Jimmy Cavanaugh hooked a thumb at the oncoming car and walked backwards along the highway. "Come on, come on, come on," he said. "You know you want to stop, I won't murder or rape you or steal your car, come on... Please stop." The car whizzed past him and he hung his head, dropped his arm and turned around. The brake lights were about a hundred yards ahead of him and the car was stopping, pulling over to the shoulder. "All right!" He jogged slowly to the car.
Stepping out into the highway to approach the car from the driver's side, he put both hands out wide and stopped about twenty feet from the car. He saw the window was down. "Hello," he said in a loud voice, then looked behind him. "My name's Jimmy and I'm just looking for a ride into town."
A woman with auburn hair and a bright, wide smile leaned out the window. "Well you better get out of the road and into the car then, hadn't you?"
"Heya, Jimmy. Get in."
Jimmy Cavanaugh ran to the passenger side of the car and dropped into the seat next to the good-looking woman. She leaned over and kissed him on the cheek. "You got a place to go?"

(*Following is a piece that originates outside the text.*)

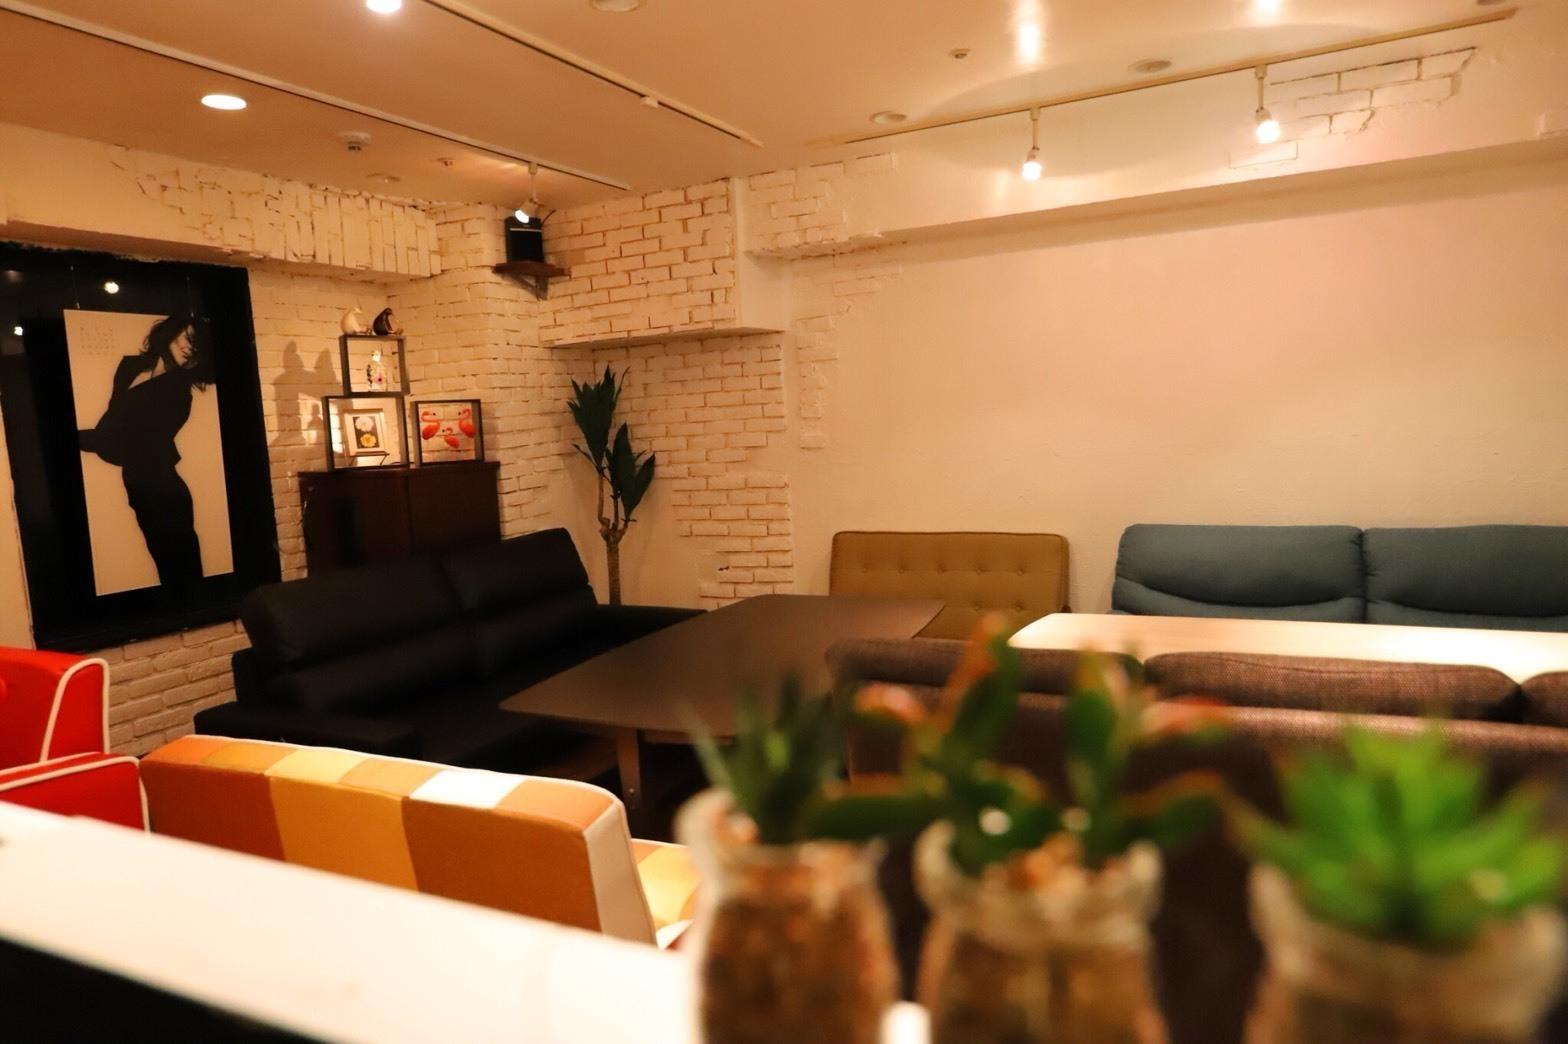 キッチンやミニステージを備えた空間で、料理教室やパーティーの他、セミナーや即売会など自由に活用できます。(キッチンやステージを備えた空間で、料理教室やパーティーの他、セミナーや即売会など自由に活用できます。) の写真0

"I'm not even sure where I am," Jimmy said. "I, eh, I just --- uh..."
She shook her head and checked the mirrors. "Same old Jimmy," she said, then pulled the car out onto the road. "You can stay with me until you get on your feet. How long away this time?"
"Dunno," he said. "What year is it?"
"Funny guy," she said.
"What do you mean you know where the monsters come from?" Eyre was close up on Ben Rose now, searching his face, trying to look behind his eyes. "What's going on, Ben?"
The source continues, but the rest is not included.